Wednesday 2 June 2010

Things I Have an Opinion On #9

Originally posted on 17/2/10

JLS, and any music artist who got famous from a reality TV show

In a blog completely unrelated to recent events, i've decided to explain once and for all why music is going down the shitter.

Radiohead guitarist Ed O'Brien said recently that creativity in music is being sacrificed for money making: http://news.bbc.co.uk/1/hi/entertainment/8477675.stm and the man is right. Why do people listen to music? The primary reason is to be entertained. As such, stuff like The X Factor could be seen as music for the 21st century, purely based on entertainment and nothing else. But that undermines the very reason music was invented in the first place, to be creative. There is nothing creative about the artists who got famous from TV shows. None of them write their own songs, none of them are particularly memorable, and they could come of a production line for all the difference that exists between them. Everything that is churned out by the happy smiling goliath that is The X Factor is swallowed up by the equally happy smiling mindless drones of the people that this drviel is aimed at. Remember when I said that the album is dying? It's because people no longer have the attention span to devote 40-50 minutes a day to giving a band the time to listen to what they can do. Everything is geared towards the one crap song ala Beat Again, which sticks in your head for a week until the next manufactured drivel comes along to win the hearts of unfortunate saps who don't know any better. There's no feeling behind it, absolutely nothing that makes you think the people behind the noise care about what they're doing.

Rage Against the Machine proved that not everyone is a drone.

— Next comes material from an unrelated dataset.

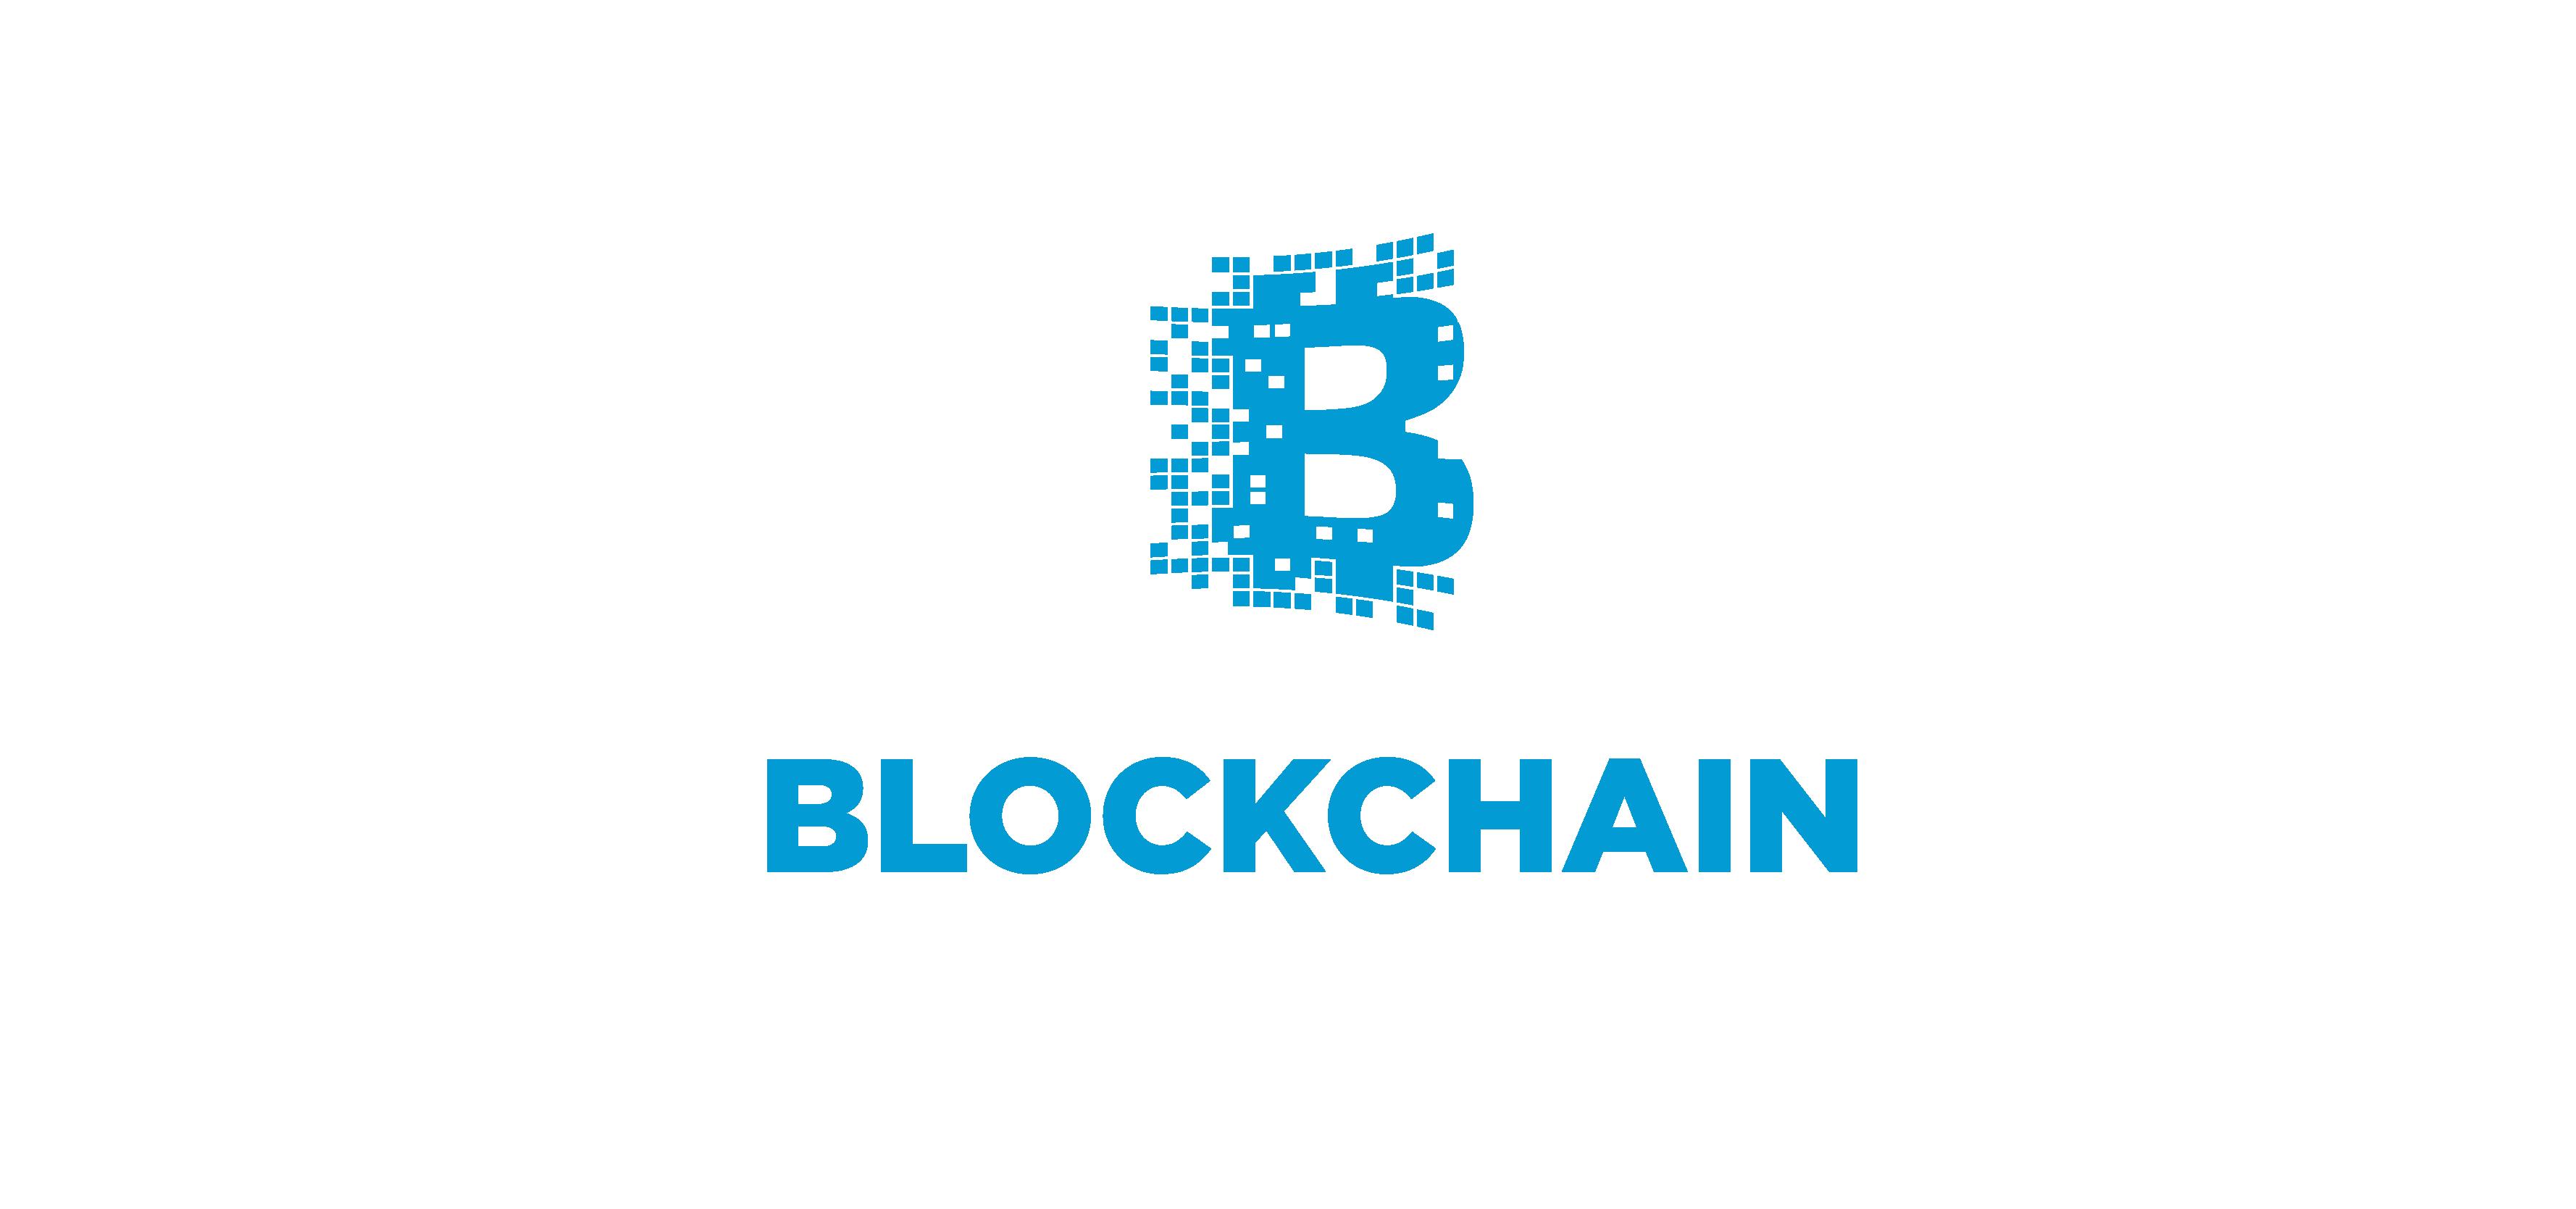 [СПб, Анонс] Встреча CodeFreeze с Александром Чепурным про блокчейн для разработчиков

While the concept behind it wasn't exactly wonderful, ie everyone buy the one thing with the sole purpose of beating some tranny Geordie whose name i've already forgotten, at least they're a real band, and the music is real and has a real message. Any other band who was ever beaten to a number one spot by some rent-a-tune from a TV programme is always going to be infinitely better than what beat them, and further proof that the chart system is both completely irrelevant in judging the musical ability of an artists, but scarily and sadly representitive of the population today. If you have ever bought a single from one of these people, you are wrong. If you have ever bought an album from one of these people, you are wrong. If you have ever been to see one of these people in concert, you are wrong.